Self_update: In-place updates for Rust executables - adamnemecek
https://github.com/jaemk/self_update
======
jaemk
Never thought I'd see someone link to one of my projects!

As others have pointed out, it's not a perfect solution and has a limited
scope of use. I originally made this as an experiment to make it easy to
distribute updates for cli apps that I was working on. Yes, a package manager
is the "right" way to do this, but since I was testing and building images in
my CI flow (using
[https://github.com/japaric/trust](https://github.com/japaric/trust)) I wanted
a way to take advantage of that pipeline in a seamless way. The library
exposes a couple predefined "backends" that handle common patterns like GitHub
releases and s3, but the underlying steps (downloading, extracting, replacing)
are also made available so you can build your own update pattern and add
things like verification.

------
dathinab
For a moment I thought it would do process takeover (hot reload) which is
closer to impossible to get right.

Nice, through not production ready yet.

Through I'm a bit hard pressed to find any good use-case for it.
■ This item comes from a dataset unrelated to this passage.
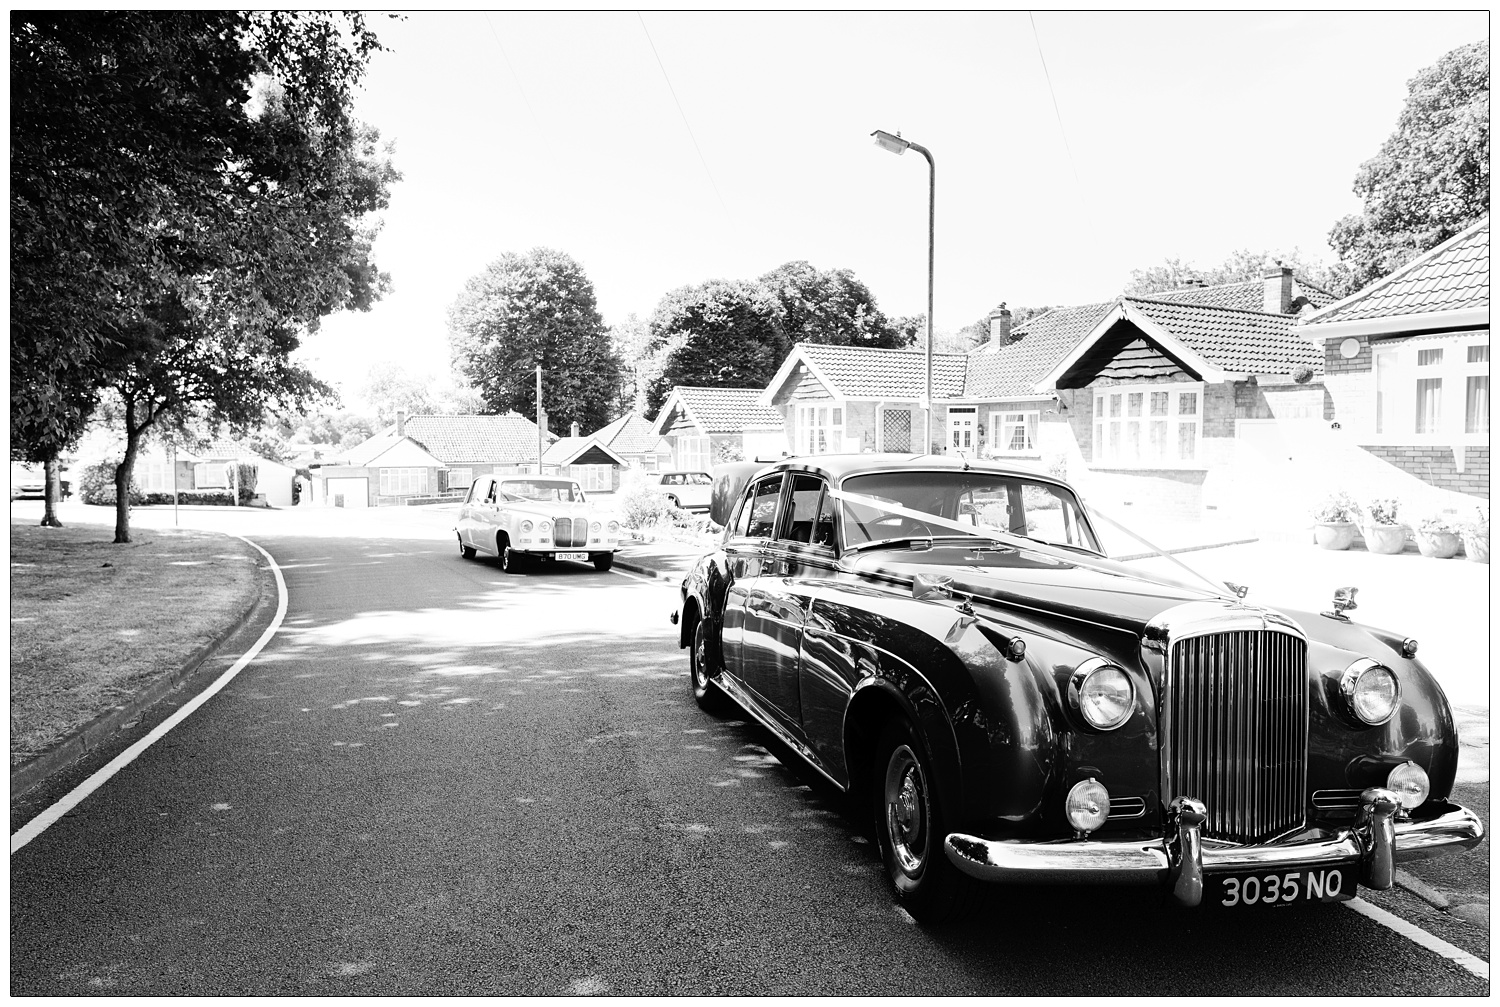 A Bentley dressed for a wedding.
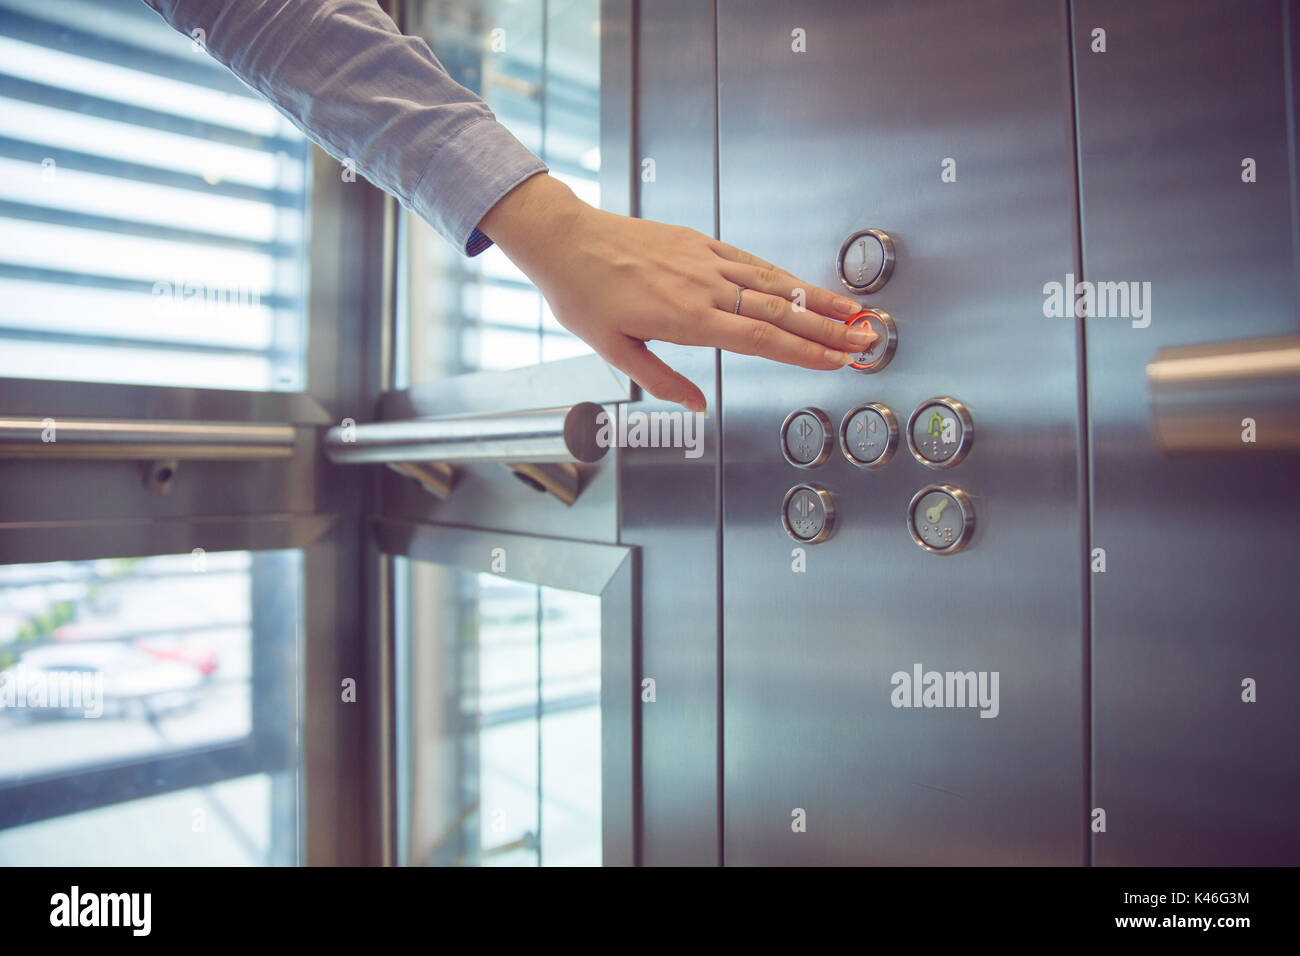 Close up on woman's hand pushing button in elevator. Stock Photo

In nosy
installations the binary _should_ not have the right to override any binaries
at all, including itself. In Linux (and I think windows too by know) there is
a form of update functionality provided by the system. Even if you do your own
update for client side software it should be a separate binary (as the main
binary should not be able to so so). Maybe it would be ok in a container, but
the restarting the container would likely instead the update.

(As a side note I said should because I know that it's sometimes not the case,
at least not without putting additional work into it. Still using a update
mechanism like that would make it harder to make it the case in the future).

------
dijit
I thought this was going to be replacing the process, but it appears to be a
tool for replacing the binary on disk? Am I reading the code right?

Why would you want to do this without restarting the process? Isn't hot-reload
a much more desirable thing?

and, to that end, replacing a binary in place just ensures that what's running
cannot be re-run on stop, so you could end up in a situation where you've
overwritten a working binary with a nonworking one which could obfuscate
critical information when trying to recover service.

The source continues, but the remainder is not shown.